DEV Community

sanjay kumar
sanjay kumar

Posted on

Building a Real-Time Voice AI System for a YC-Style Assessment

Freya Voice AI Agent Console (Forward-Deployed Engineering Deep Dive)

As part of a YC-style technical assessment, I built Freya Voice AI Agent Console — a production-grade, real-time voice-to-voice AI system focused on low latency, clean architecture, and real-world constraints.
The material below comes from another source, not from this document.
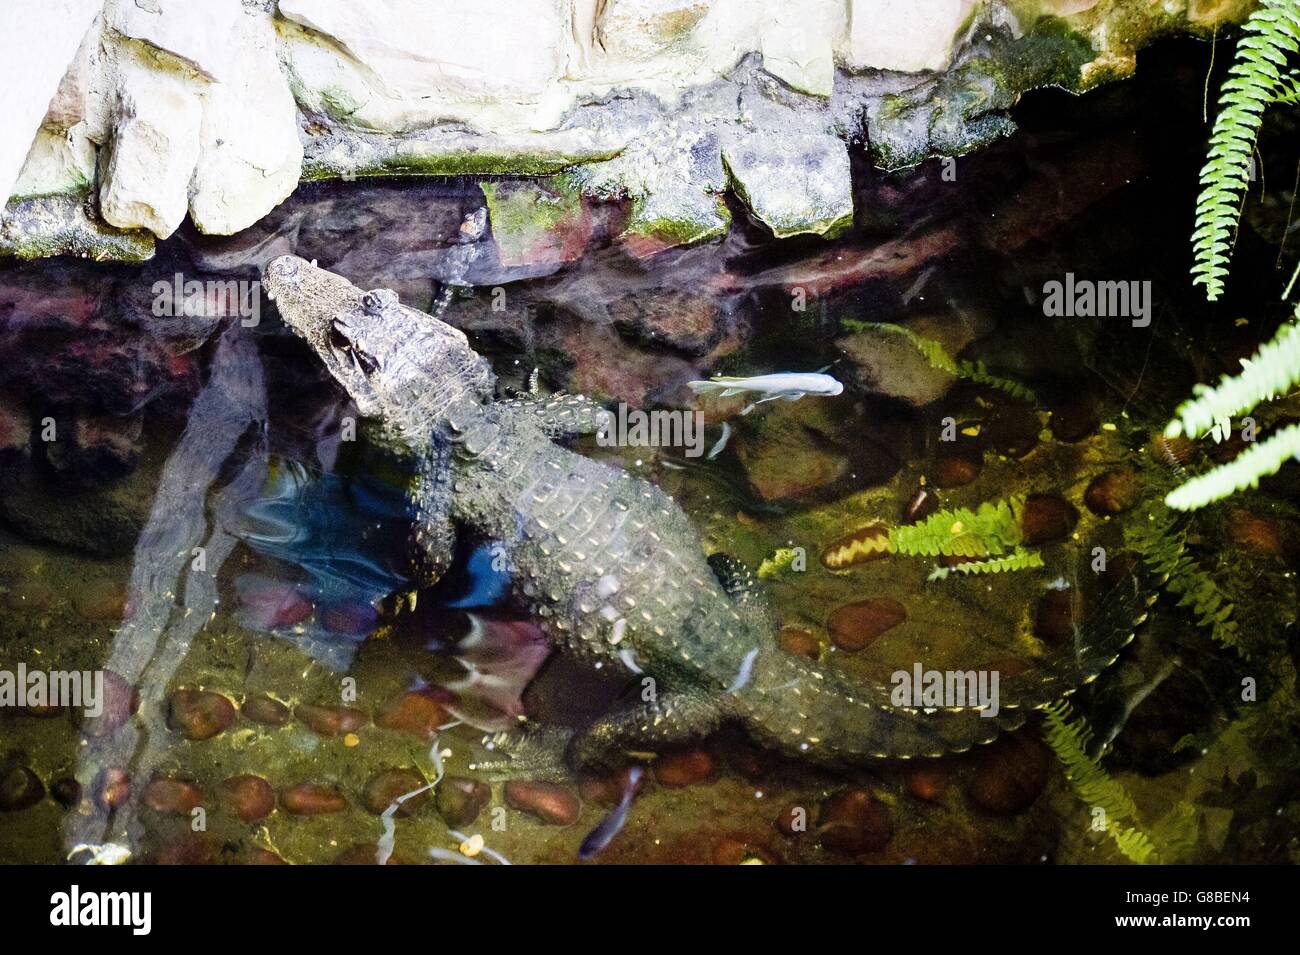 An eight-day-old, 15cm long, West African dwarf crocodile next to its mother after five youngsters hatched at Bristol Zoo Gardens, after three months of natural incubation. Stock Photo

The goal wasn’t just to “make it work”, but to design something that feels forward-deployable: a system you could realistically ship, iterate on, and operate.

👉 Source code:
https://github.com/05sanjaykumar/Freya-Voice-YC25-Assessment


🎯 What Was Built

Freya is a real-time conversational voice AI that supports:

  • Bidirectional voice-to-voice conversations
  • Sub-200ms latency streaming
  • Prompt versioning via a web console
  • Session metrics and analytics
  • Fully Dockerized deployment

The project was built in 3 days, prioritizing voice pipelines over chat UIs, similar to real YC engineering evaluations.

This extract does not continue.